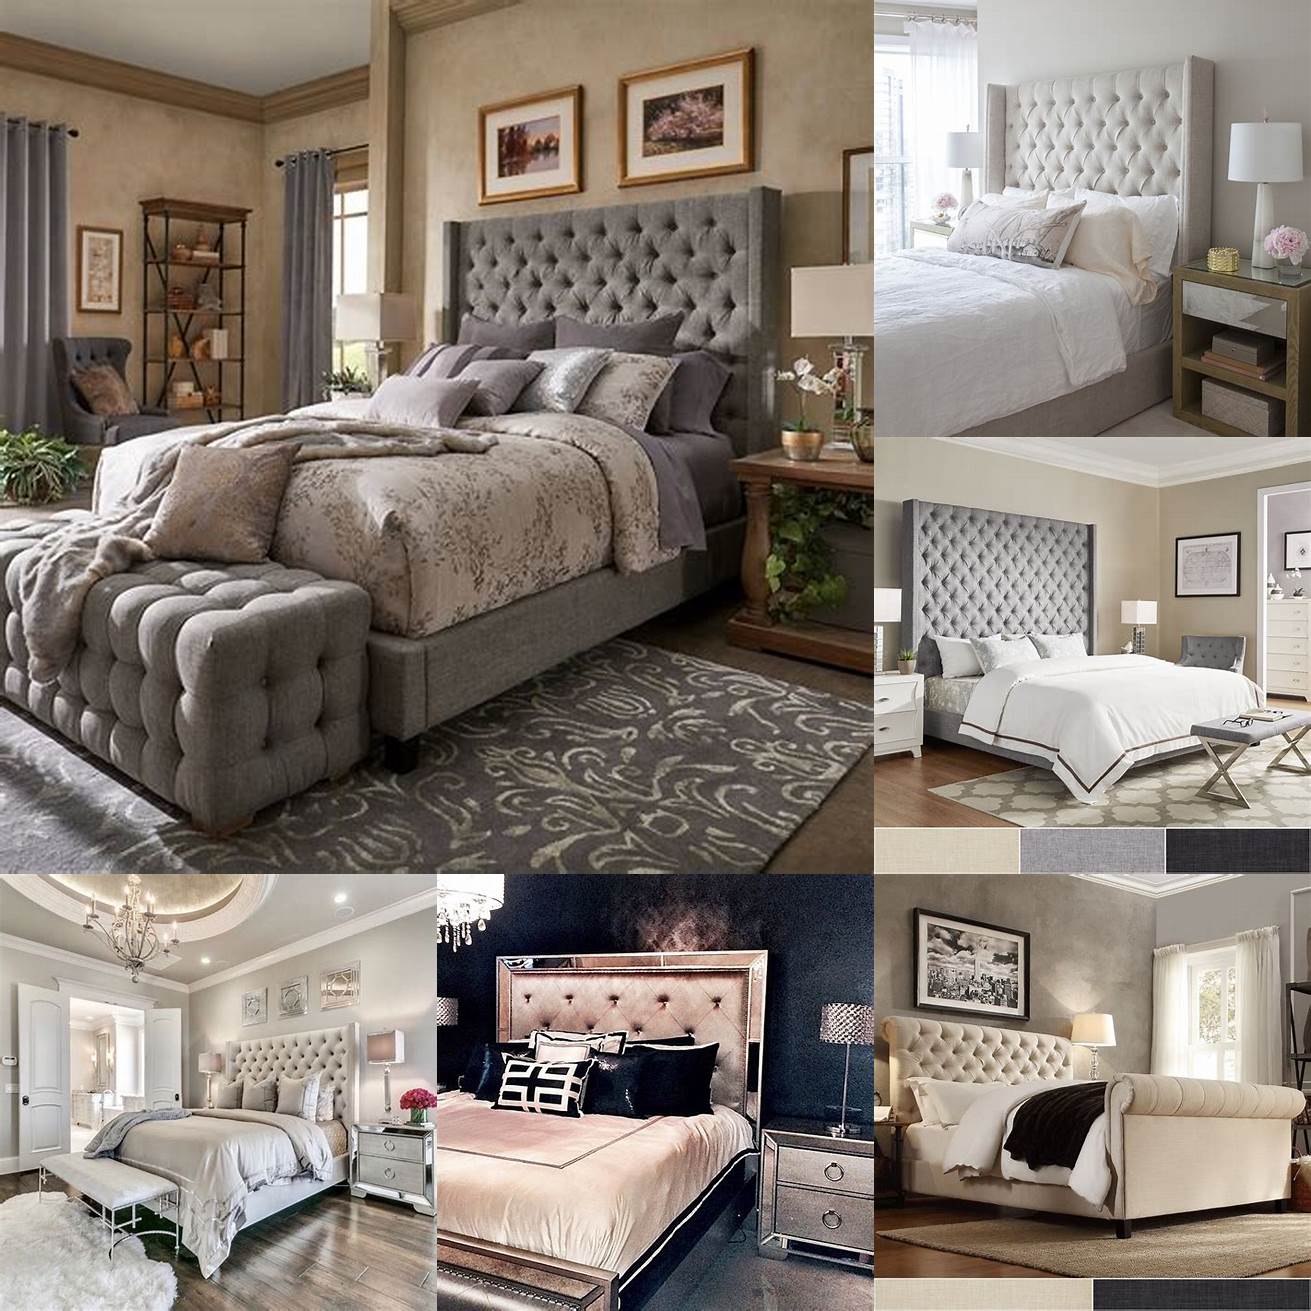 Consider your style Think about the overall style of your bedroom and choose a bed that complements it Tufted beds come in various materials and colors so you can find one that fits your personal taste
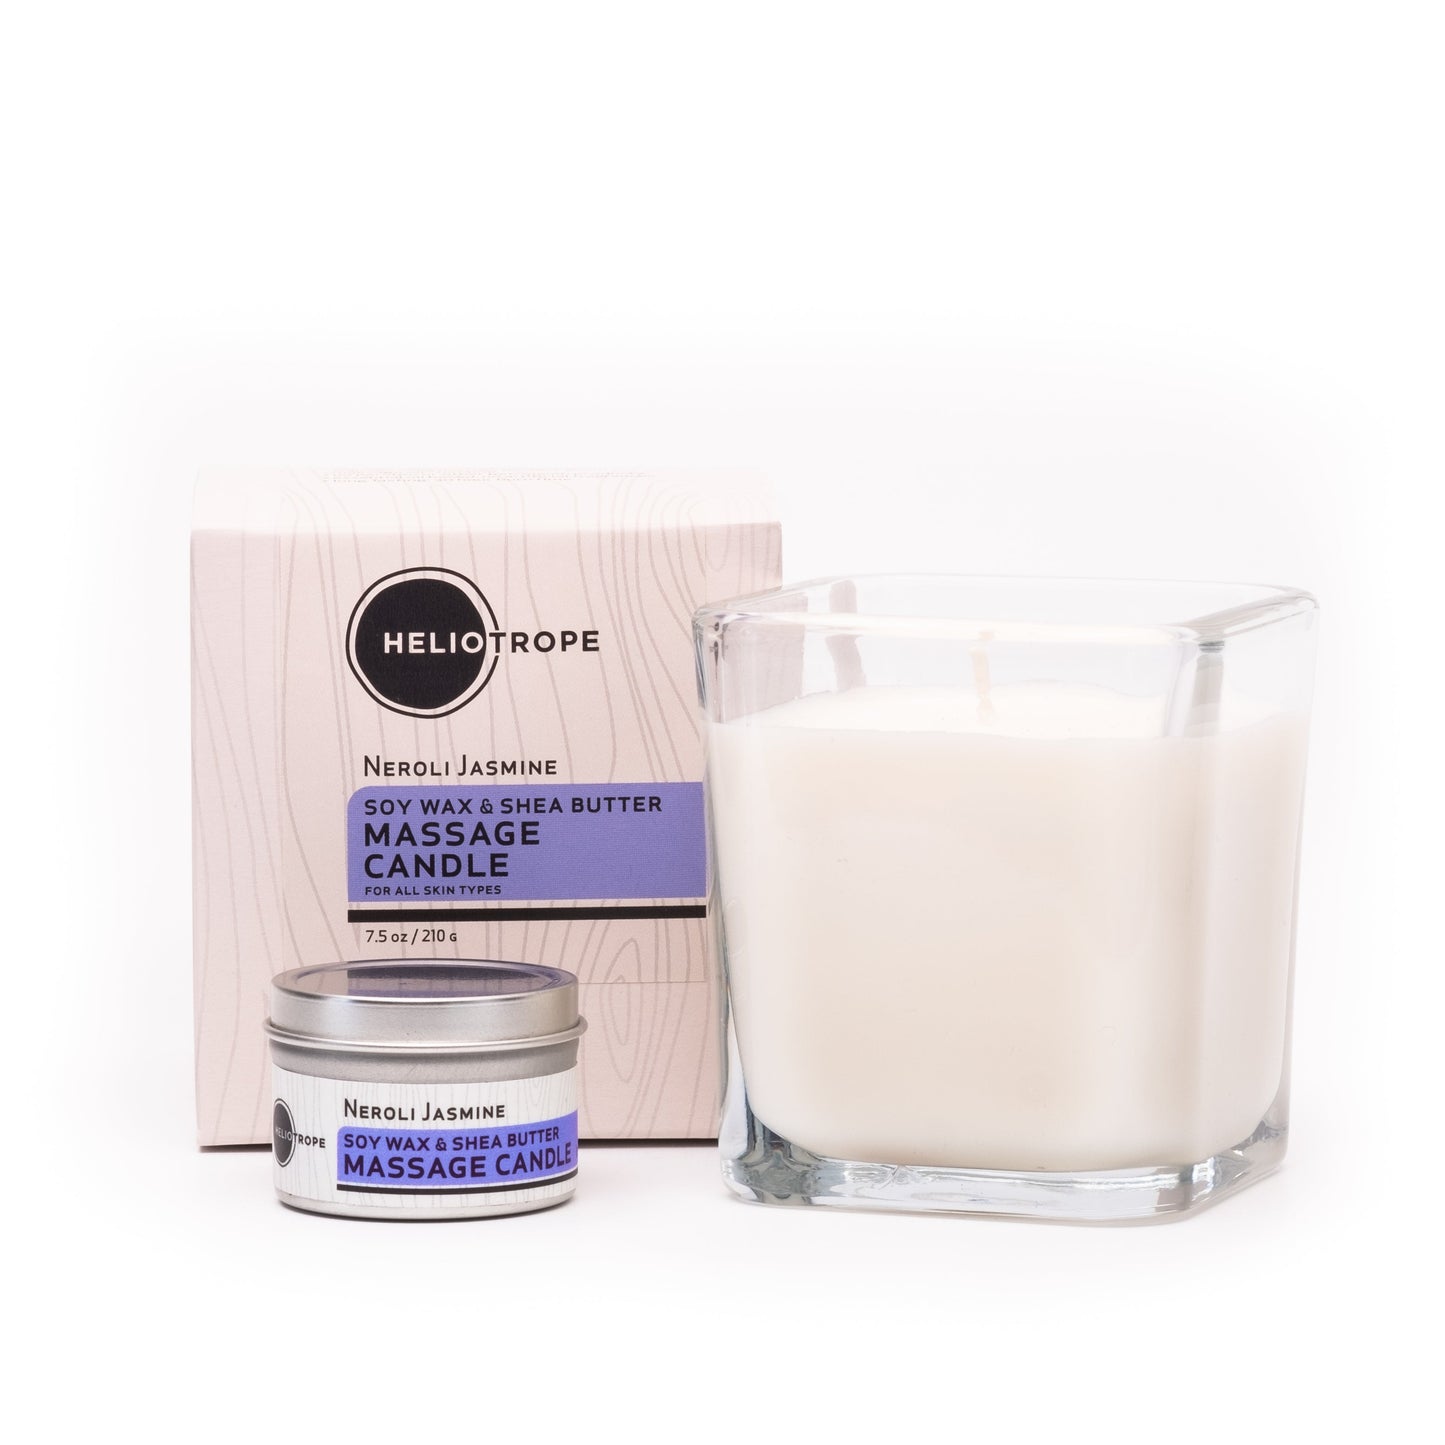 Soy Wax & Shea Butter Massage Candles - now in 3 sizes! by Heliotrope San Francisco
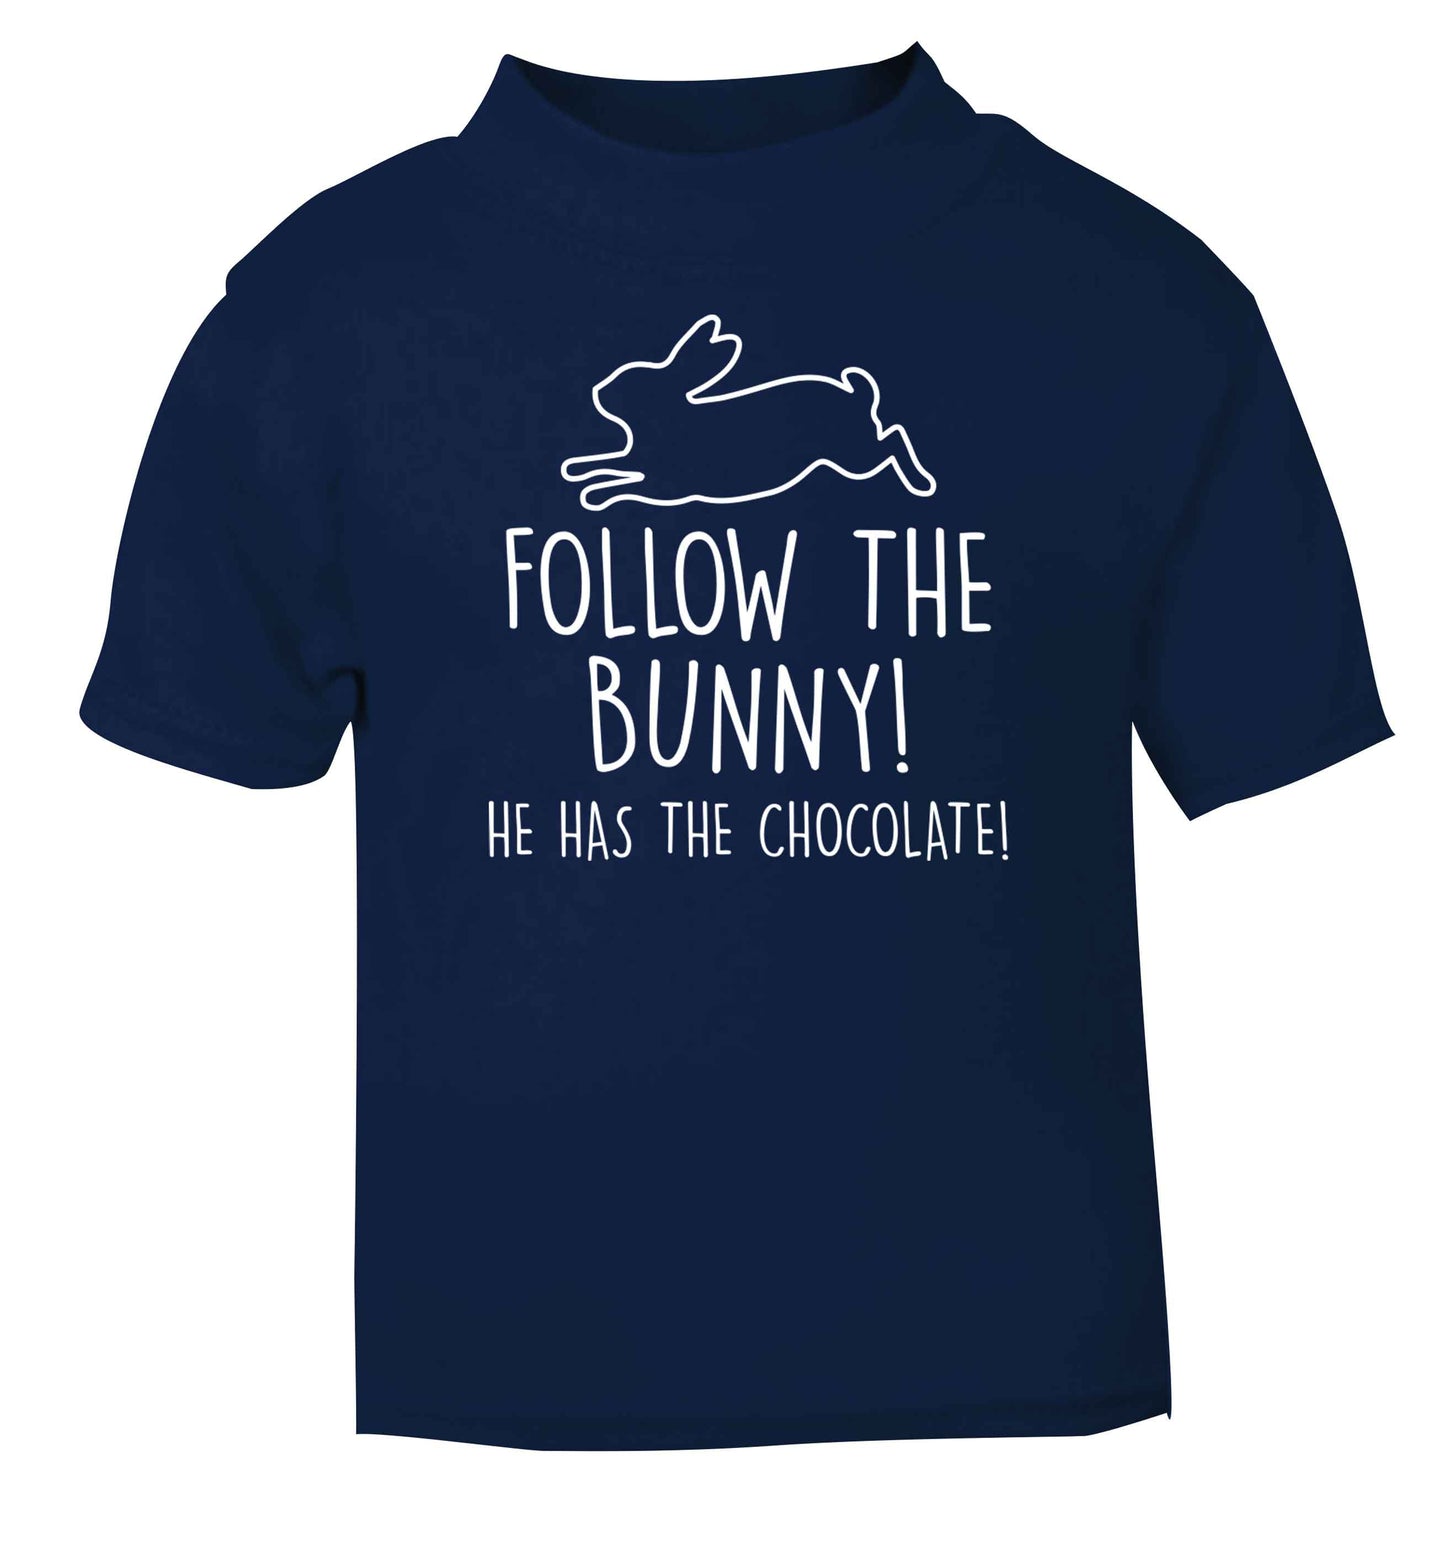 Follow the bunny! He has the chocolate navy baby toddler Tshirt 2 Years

* * * * *

#### WHAT YOU HAVE TO DO
Write out the data above in full and exactly, but not the pictures.

#### TASK RESPONSE
 Consider your style Think about the overall style of your bedroom and choose a bed that complements it Tufted beds come in various materials and colors so you can find one that fits your personal taste
 Soy Wax & Shea Butter Massage Candles - now in 3 sizes! by Heliotrope San Francisco
 Follow the bunny! He has the chocolate navy baby toddler Tshirt 2 Years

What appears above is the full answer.